Having defects in source code is unavoidable but identifying and reducing the bugs in
source code in early stages save time and effort. The quality of the source code is
primarily measured based on the defect rate. Software defects have a strong
relationship with software metrics. As a developer once they build the code, it redirects
to the quality engineers to test the code, and if there is any fault with the software, they
will send it back to the developers with their comments. Since the software was built
by many developers, each developer has to go through the code to find the faultiness.

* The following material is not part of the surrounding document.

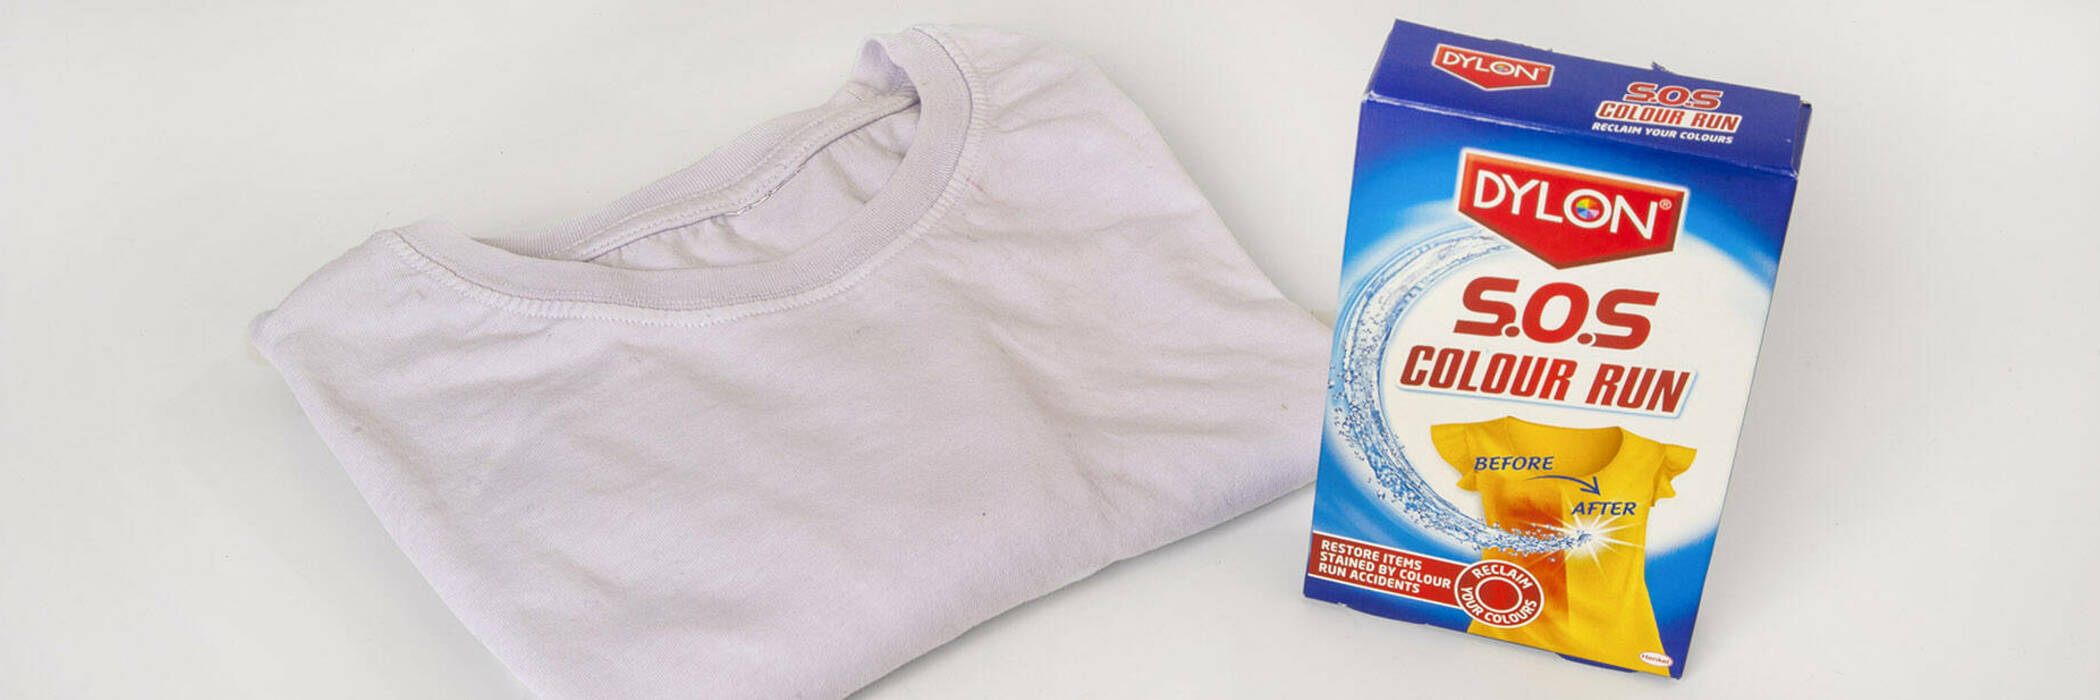 Dylon SOS box with t-shirt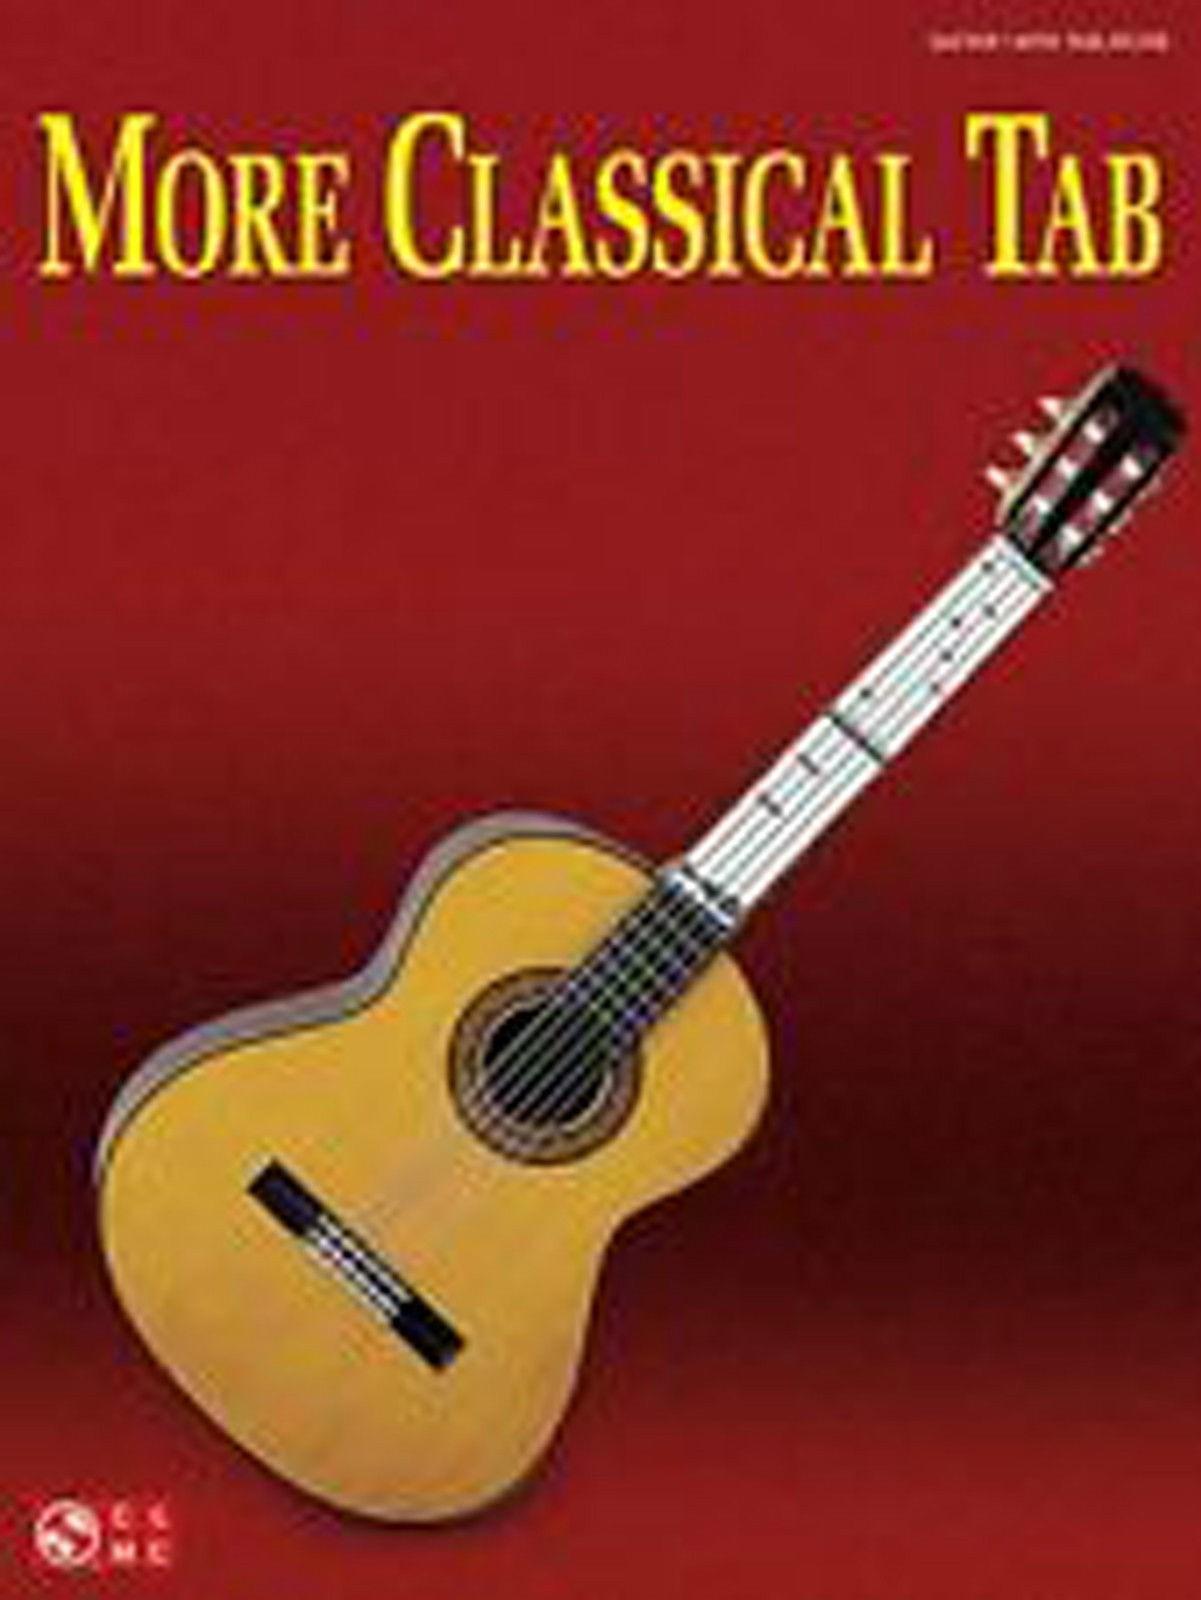 More Classical Tab Guitar Book Cherry Lane Music B44

This process will have a significant efficiency improvement if the developer
responsible for the bug is identified at the beginning. This tool provides a practical
solution, where once we get the feedback from the quality assurance engineers, tool
labels the developers(n), and redirect all the comments to the relevant bucket. Then the
developers can easily identify their faults and fix bugs. To understand the status of the
code, researchers collected several metrics which are related to defect prediction such
as Cyclomatic Complexity values and Halstead Complexity values, then using the
Principle Component Analysis, it identifies the most relevant software metrics for
defect prediction and builds the dataset. Using the dataset researchers developed a
machine learning model to predict the code status, Whether the code is in Good,
Moderate, or Weak Level. Natural Language Processing used to analyse the Git issues,
with the aid of the Latent Dirichlet allocation algorithm, it is based on clustering and
create needed categories for a given input(n). Once the user gives the link of the source
code, the tool identifies the defect rate, responsible developer for each bug, most
committed authors, and the frequencies of most used words. The result shows that the
tool solves the practical problem more accurately in the programming environment.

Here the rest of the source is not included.